Sunday 18 March 2018

Kekszakallu

Keszakallu is Gaston Solniki's 2016 film out of Argentina.  It originally premired in Baltimore, MD, at the 2017 Maryland Film Festival.  I missed it in the film festival, but was able to catch it when it came back to the Parkway theater for it's theatrical run.

The movie takes a fly on the wall approach of the lives of several daughters of the wealthy industrialists of Argentina.  This film, much like Porto, did not have a linear plot line or direction it chose to go for the feature length.  While both were short feature films under 90 minutes, Solniki was able to achieve far more visual feats that Klinger was unable to achieve in Porto.

The title of the movie, is taken from the Spanish title of an opera, and included music from the opera while on board a ferry, in the midst of a sausage making plant.  While it was frequently hard to determine the scatter plot approach of the story line, and it only seemed to have one partial resolution to some of the young lady's stories, it was easy to get caught up in the whirlwind of the well framed scenes.  The only downside is that for many of these, there was no real semblance of a connection, and it was often hard to keep track of who was who, and if there was a relationship between the large cast and what those connections may have been.


While I feel it was an interesting approach to the beginning of Argentina's turn into an economic recession, I would have enjoyed a little more glue to the stories and how the women were connected a bit more.

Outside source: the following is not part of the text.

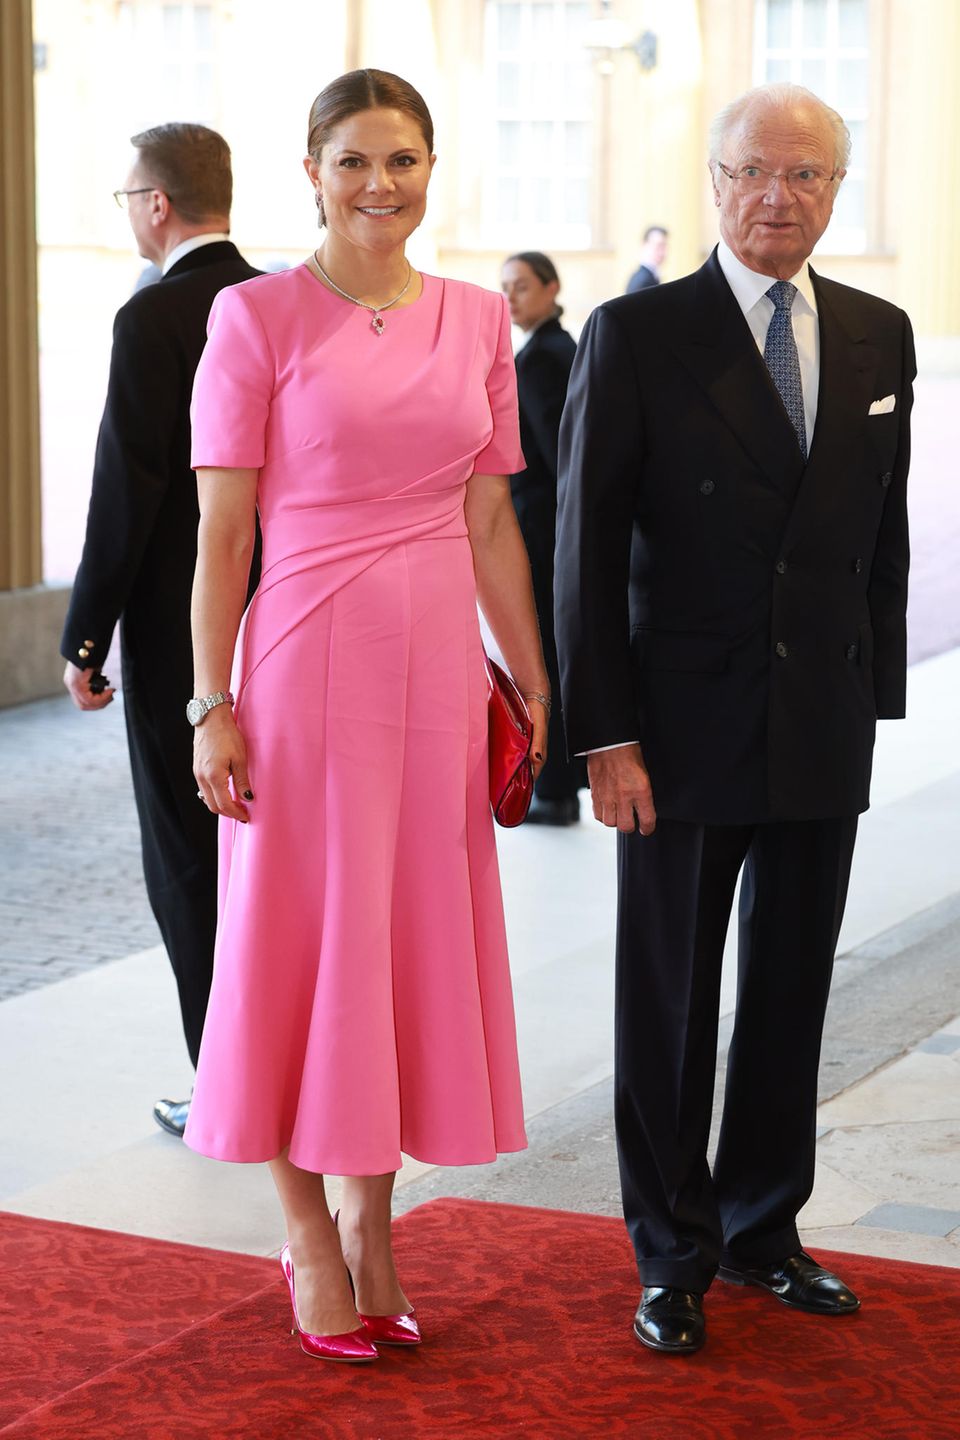 Kurz nach den norwegischen Royals, treffen die schwedischen Kolleg:innen ein: Prinzessin Victoria strahlt in einer rosafarbenen Robe, während Papa König Carl Gustaf sein gewohnt charmant-grimmiges Lächeln aufsetzt.

There were some wonderful stark contrasts of the natural beauty of Argentina, with pool scenes, scenes in a country estate, fields, contrasted with the developments of the rising sprawls of cities, pools, and machinery of the industrial workforce.  There were art references lost on me, as I haven't done much with art history, or with the idea of theater or operas, so that side was lost on me.  I did enjoy the photography approach to how the movie was framed.  It just would have been better served with a more developed plot and character development and distinctions.